|CORAM:||Jason P. Boaz (AM), N. V. Vasudevan (JM)|
|CATCH WORDS:||compulsory acquisition, Development Right’s Certificate, monetary consideration, TDS deduction|
|DATE:||November 14, 2014 (Date of pronouncement)|
|DATE:||November 18, 2014 (Date of publication)|
|AY:||2010-11 & 2011-12|
|FILE:||Click here to download the file in pdf format|
|The term "any sum" in s. 194LA TDS does not cover a case where there is no monetary consideration but Development Right’s Certificate (DRC) are issued|
The issue that arises for consideration is as to whether provisions of s.194LA of the Act are applicable to a case where (a) there was no compulsory acquisition; (b) there was no payment of any monetary consideration.

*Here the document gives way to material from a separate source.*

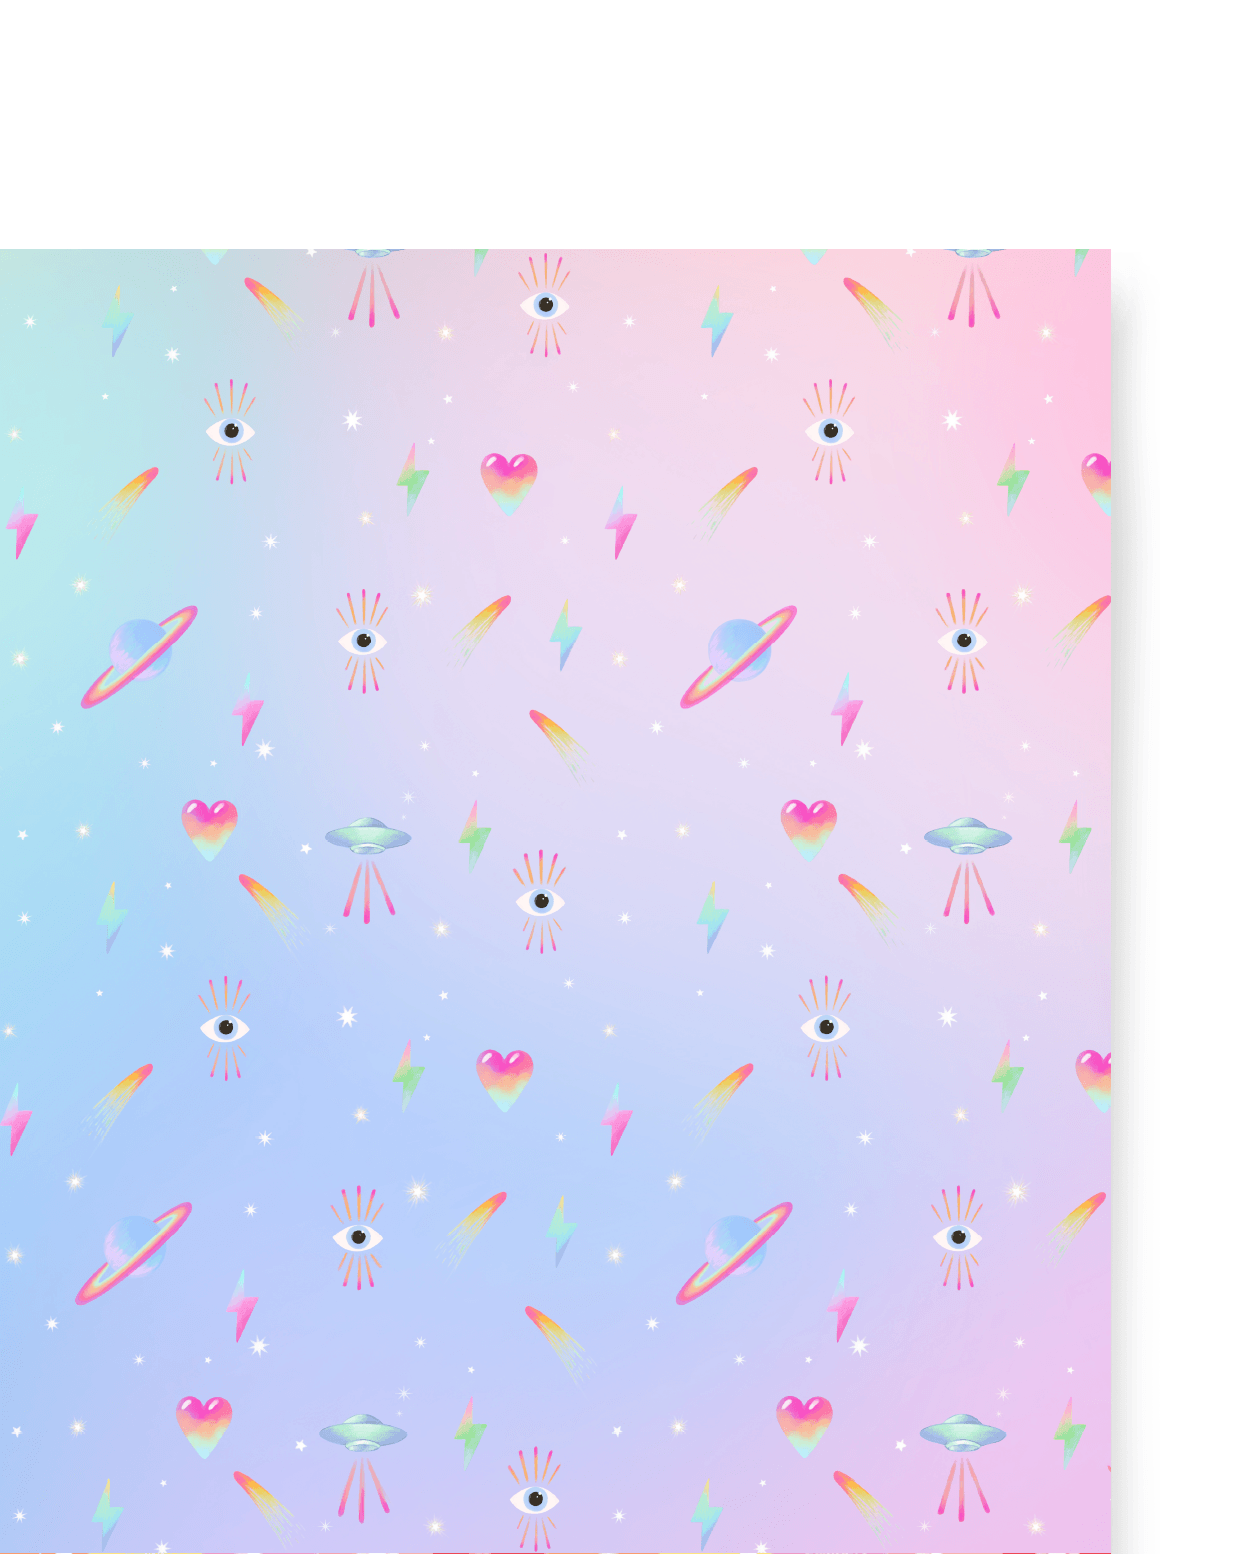 Cute Rainbow Clouds and Sunshine Wrapping Paper Sheets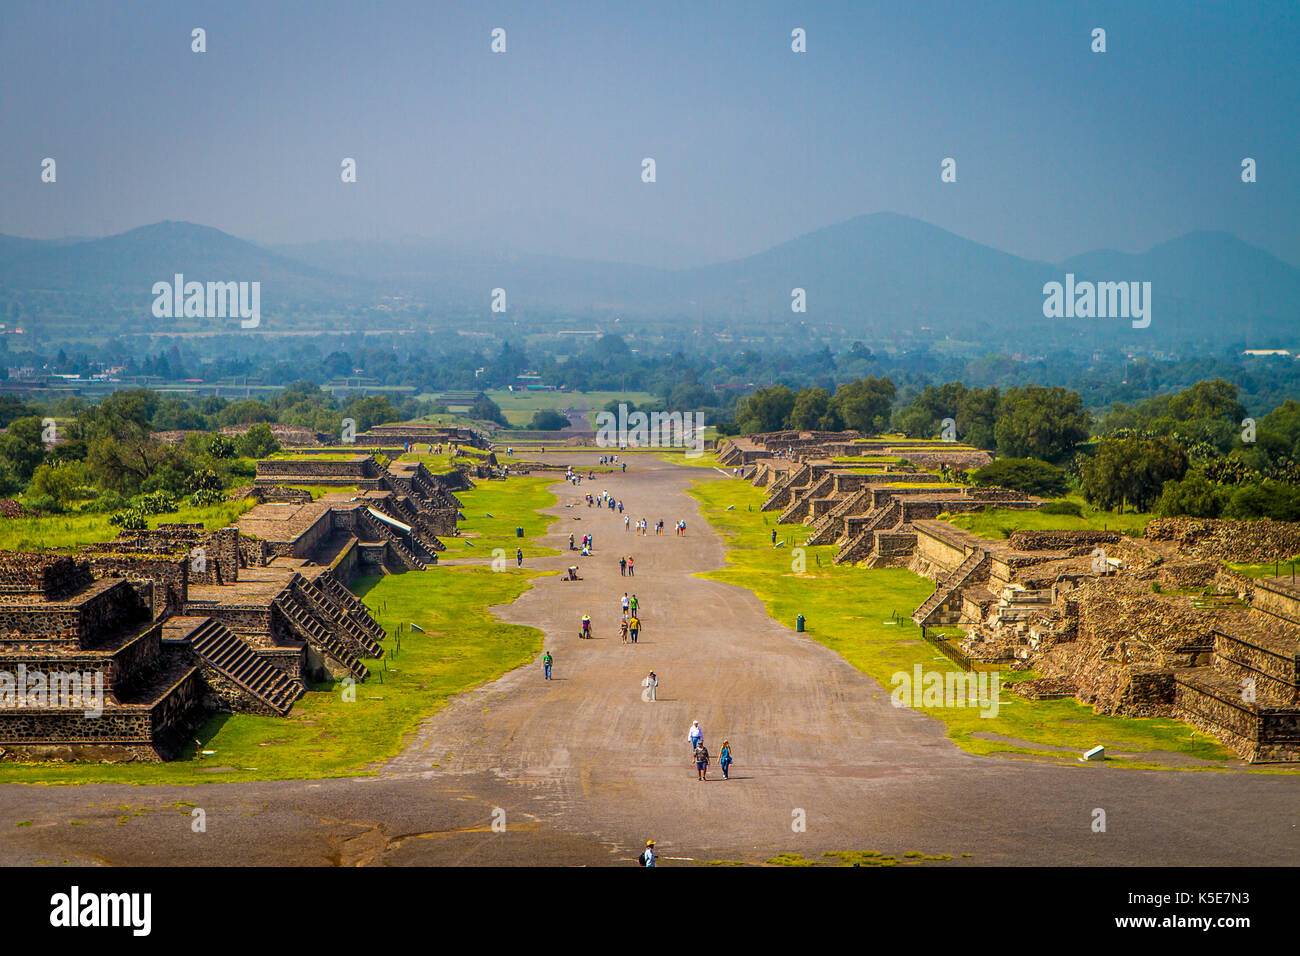 Avenue of the Dead, Teotihuacan, Mexique Banque D'Images

(i) The process of surrender of land for public purpose by owners of land and issue of CDRs has no element of “Compulsory Acquisition” which is necessary to attract application of the provisions of s.194LA of the Act. The meaning of the term “compulsory acquisition” is that land should be taken under statutory powers without the agreement of the owner. It is clear from material brought on record that the surrender of land by owners was voluntary and in exercise of option under a notification laying down conditions for grant of TDR in exercise of powers u/s14-B of KTCP. It is also clear that BBMP wherever owners did not respond to offer of CDRs, BBMP has resorted to compulsory acquisition proceedings in accordance with the provisions of the Land Acquisition Act, 1894. In the case of compulsory acquisition there are procedure for objecting to the acquisition on the ground that the proposed acquisition is not for public purpose, requirement of notice, determination of compensation, payment of compensation and thereafter taking possession and ownership. Such elements are absent when land owners surrender their land to BBMP under the scheme of issue of CDRs. It is also clear that there is no process of quantification or determination of value of land acquired when BBMP takes over land under the CDR scheme. Whenever BBMP does compulsory acquisition of land and pays compensation, it duly deducts tax at source as required u/s.194LA of the Act.
(ii) The provisions for deducting tax at source and paying it over to the Government on behalf of the recipient of the payment is in the nature of vicarious liability. The said liability can be easily and without any effort can be discharged when payment of compensation in a sum of money i.e., in the form of monetary compensation. At least in cases where the quantification of the sum of money takes place in terms of money but the payment or discharge of the liability is made by adjustment which is otherwise than by payment of monetary compensation, it can be said that there would still be a liability. But where neither there is quantification of the sum payable in terms of money nor actual payment in monetary terms, it would be unfair to burden a person with the obligation of deducting tax at source and exposing him the consequences of such default. The liability to pay tax is that of a third person and not that of BBMP and the spirit behind the provisions of Sec.190 of the Act has been totally lost sight of by the Revenue in the present case.
(iii) S.194LA of the Act would apply only when there is monetary payment. In this regard we find that provisions of Sec.194LA of the Act applies only when the person making payment should make payment of a “sum of money” which clearly indicates that the provisions of Sec.194LA of the Act are applicable only when payment is made in terms of money. The expression “any sum” used in Sec.194LA of the Act is a clear indication that those provisions are applicable only when payment is of consideration in terms of money. The Hon’ble Supreme Court had to interpret whether the expression “any sums paid by the Assessee in the previous year would also include donations in kind. S.194LA of the Act also uses the expression “any sum” which clearly indicates that it is only when payment is made in monetary terms that those provisions are attracted. The expression in S.194LA, “at the time of payment of such sum in cash or by issue of a cheque or draft or by any other mode” means that payment can be in the mode of giving cash, or by issuing cheque or draft or any other mode like telegraphic transfer or mail transfer, via money order or postal order, bill of exchange, promissory note, electronic transfer like RTGS, NEFT etc. DRCs cannot be brought within the meaning of the expression “by any other mode” used in Sec.194LA of the Act. The rule of “Ejusdem Generis” in interpretation of statutes, which lays down that where general words follow enumeration of persons or things, by words of a particular and specific meaning, such general words are not to be construed in their widest extent, but are to be held as applying only to persons or things of the same general kind or class as those specifically mentioned is fully applicable to the interpretation of Sec.194LA of the Act. The general word in Sec.194LA of the Act is “payment of such sum” and the mode of payment qualified is cash, issue of cheque or draft or by any other mode. The expression any other mode has therefore to be confined only to payment of “any sum” in a mode other than cash, cheque or draft and not to a case where DRCs are issued. Even on this ground the order u/s.201(1) & 201(1A) of the Act deserves to be quashed and is hereby quashed.